Mr. Teich brought with him from Charleston Place Executive Chef Drew Dzejak who overhauled the menu. The result is a non-traditional matrix of choices; essentially four parallel mini-menus, each with its own theme. The profiles are “Southern,” “Unadulterated,” “Steakhouse” and “Indulge,” and each offers two appetizers and two main courses, along with a side. Guests can pick and choose however they wish; for example, the Crudo of Yellow Fin Tuna from “Indulge” might pair well with the Halibut off “Unadulterated.” In arranging the menu this way The Grill Room hedges its bets: It can accommodate the high-end business traveler with the tried-and-true, while at the same time offering Chef Dzejak a lot of rein to populate the other menu slots with more creative fare.

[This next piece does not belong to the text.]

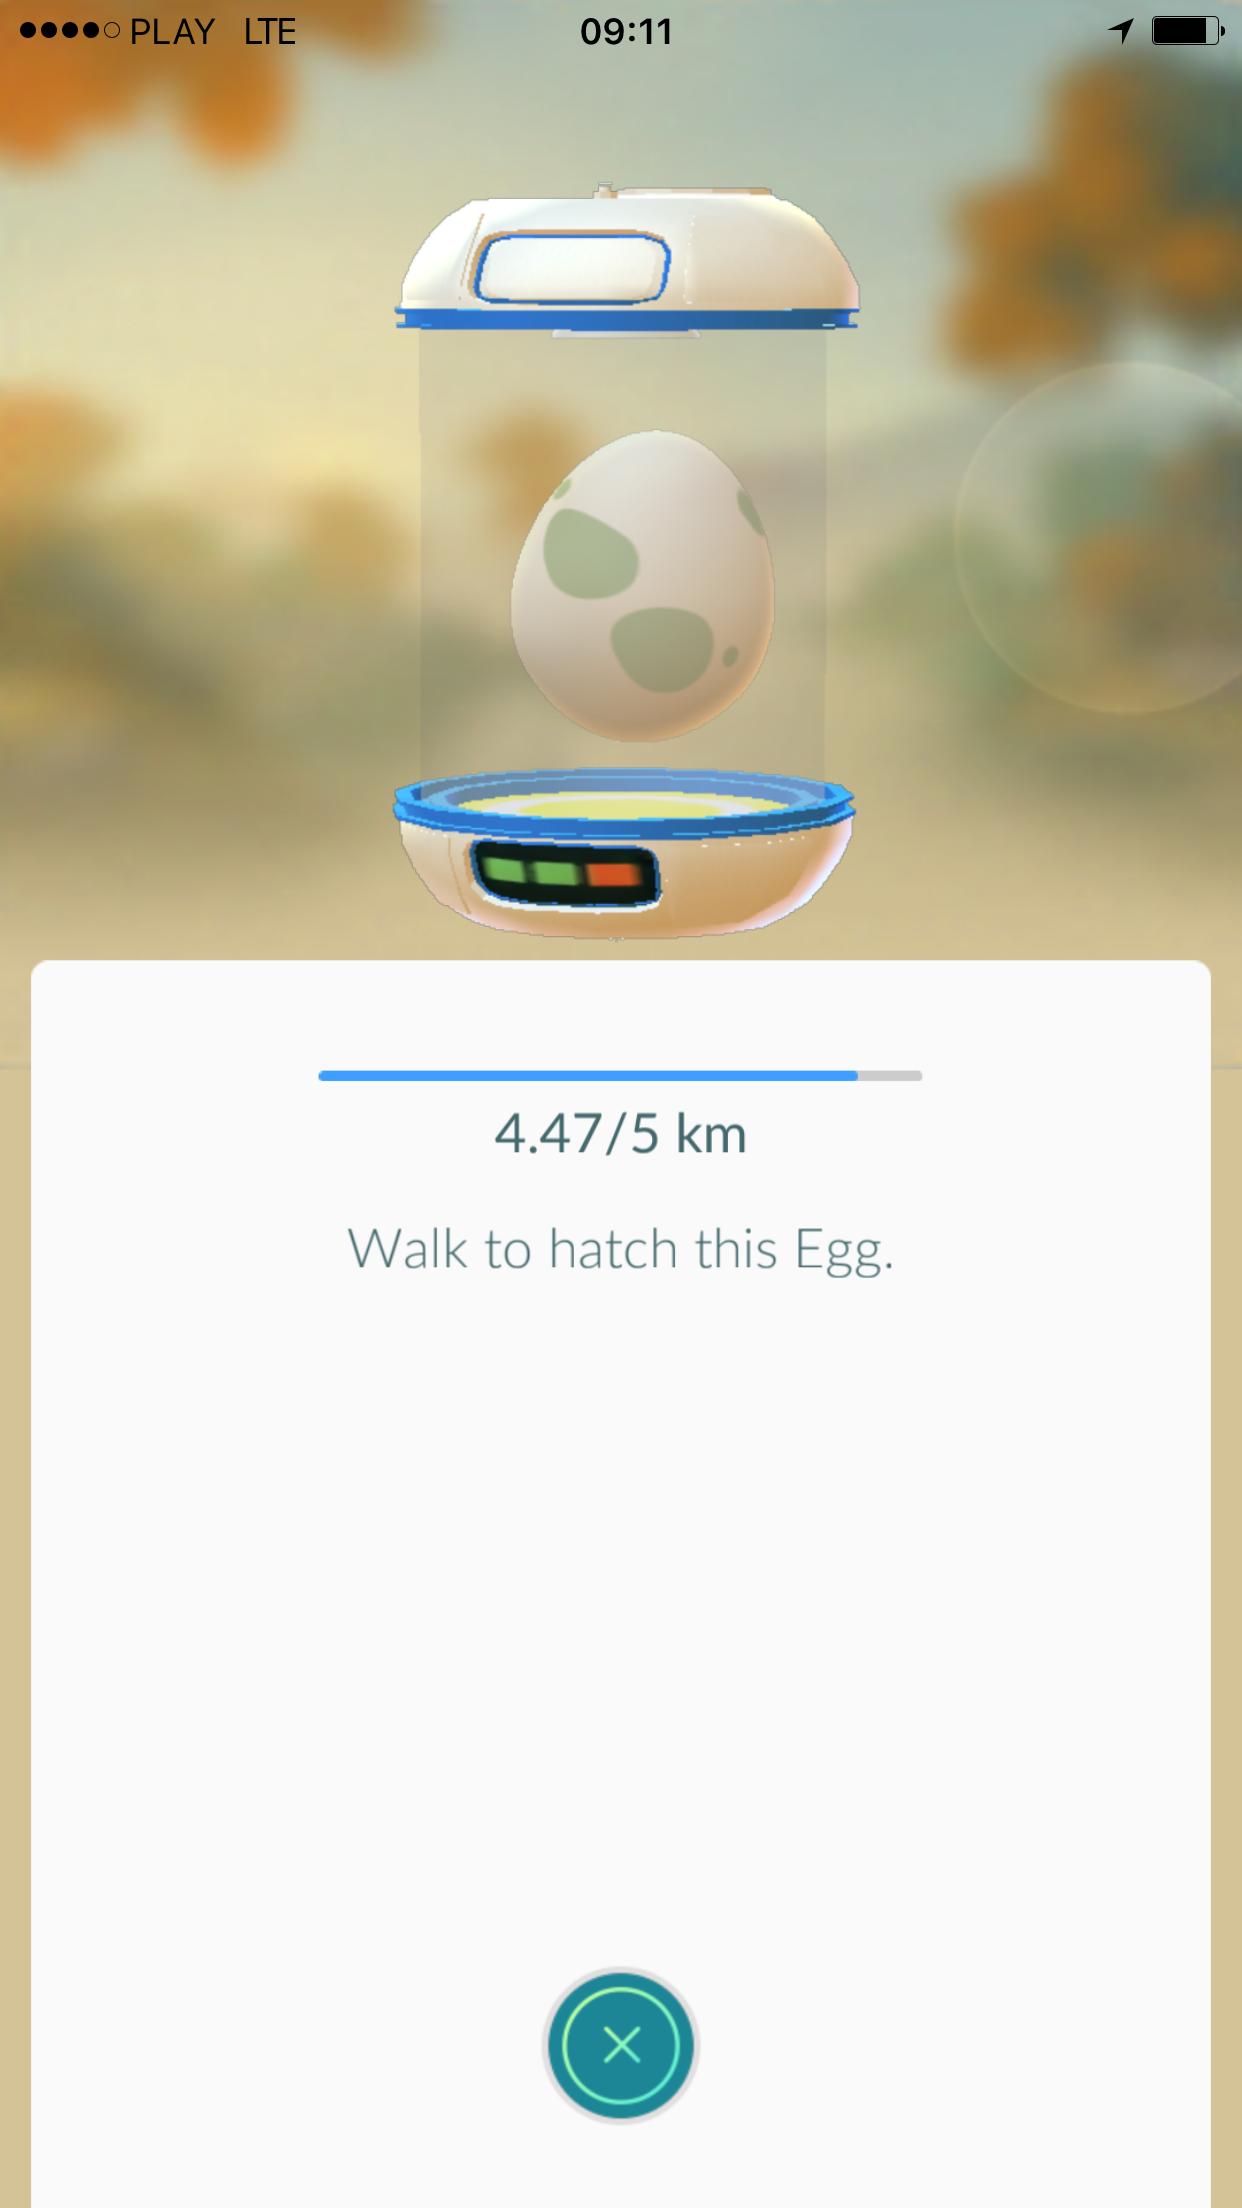 Egg pokemon - Pokemon GO

Off the “Southern” Side, the real surprise with the Jumbo Lump Crab Cake was in the Tomato Bacon Vinaigrette – really more of a bacon-infused tomato reduction with real depth of flavor. Off the “Indulge” side, an appetizer of Grilled Foie Gras and Lobster came drizzled with sweet sherry and honey vinaigrette. The foie gras serving was modest but tasty, seared on a grill and served near its unctuous melting point.

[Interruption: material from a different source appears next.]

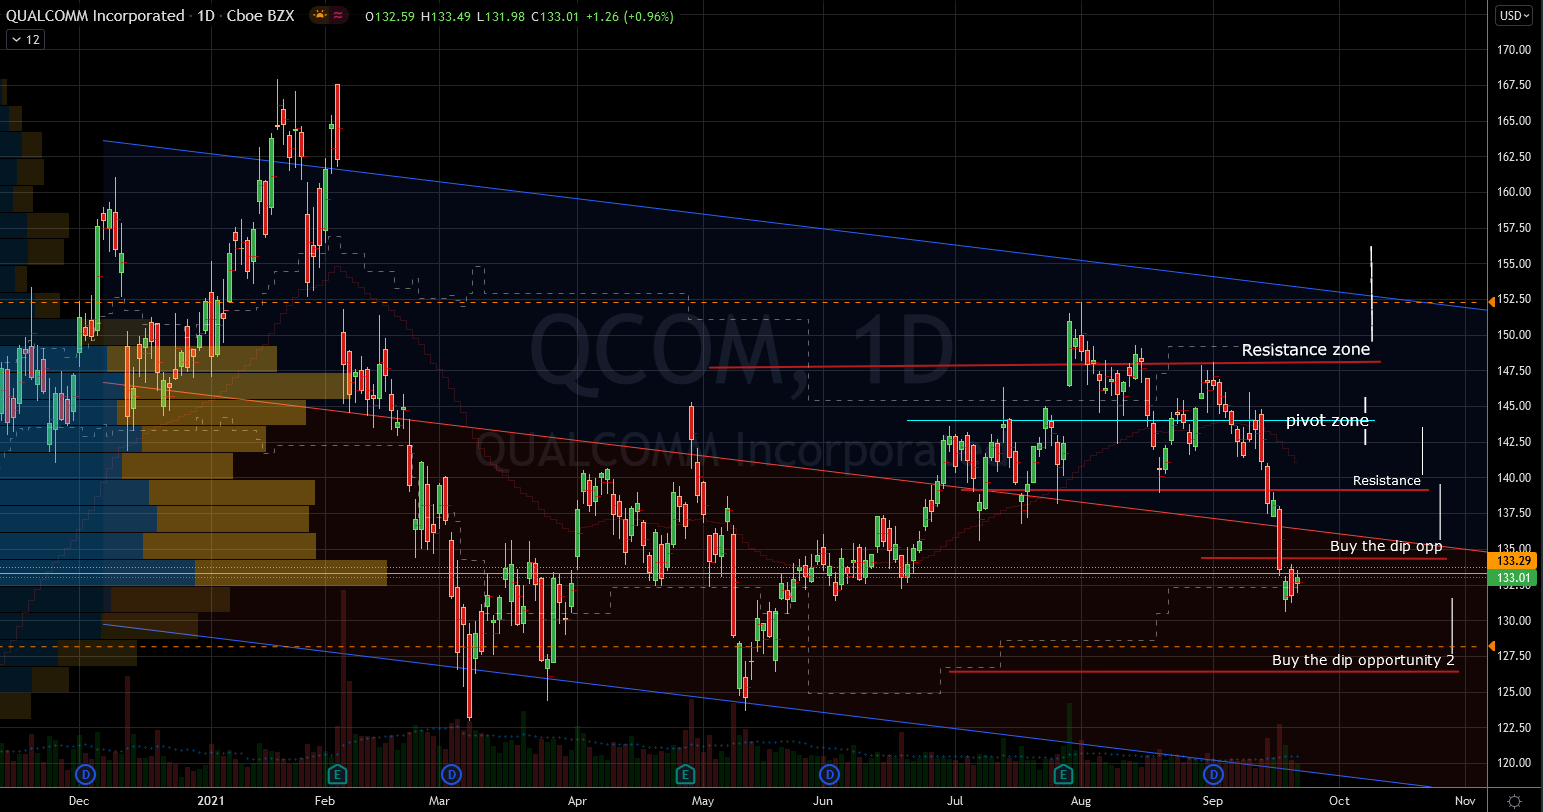 Stocks to Buy: Qualcomm (QCOM) Stock Chart Showing Base

For entrées, a Filet Mignon Duo off “Indulge” got embellishment from a cube of tender braised beef short rib and mashed potatoes supercharged with foie gras. By contrast, the Halibut off “Unadulterated” was an exercise in understatement, letting a portion of the cold-water flatfish cooked to opaque perfection speak for itself, supplemented only by the inclusion of some tiny rock shrimp whose sweet flavor was sharpened with a white balsamic vinaigrette.

Time will tell if this latest iteration of the Windsor Court’s flagship restaurant takes root, but given the scale of the transformation and the vertically stacked turnover of management, it is no exaggeration to say that a new day has dawned at the Windsor Court.

Le Meritage at the Maison Dupuy. While the driving concept behind Le Meritage is wine, the food hasn’t been left behind. In a slightly more complex iteration of the matrix-style menu employed at Windsor Court, Le Meritage’s menu is built around small blocks of dishes in groups of three, with a complementing selection of three wine options. For example, the “Sparklers” section pairs a choice of Fried Oysters with citrus-zest spiked horseradish, Crabcake, or Smoked Salmon Napoleon with a choice of three champagnes and sparkling wines. The wines are available by the half- and full-pour, and all dishes are offered in small and large portions.

Sound complicated? It is and it isn’t. The main thing to remember is just to have fun. While the layout of the menu was initially distracting, the first thing I noticed when my Duck Two Ways arrived at the table was that here was a wine-centered concept that hasn’t lost sight of the food.

Presentation is top-notch, with slices of rare duck breast topped with fig compote, a seared cut of foie gras atop a warm puck of duck confit, and some seared fingerling potatoes to round it out. Keep in mind this was the “small” selection, and the attention to detail in plating was commendable. The follow-through on this was consistent throughout the meal. The Rabbit Tenderloin came with tagliatelle pasta made in-house, and the Gulf Shrimp and Grits was accompanied by smoky Tasso ham and red eye gravy. The 2006 Graffigna Argentine Malbec was a sturdy complement to the pair of Lamb Chops served with sweet potato, apple and bacon hash.

The downside to Le Meritage is the high prices. Coupled with the unfamiliar mix-and-match ordering, the result can be some fuzzy math for those trying to mentally keep track (like the “Tapas Effect,” only compounded). Valet parking at the Maison Dupuy is complimentary, however – a plus.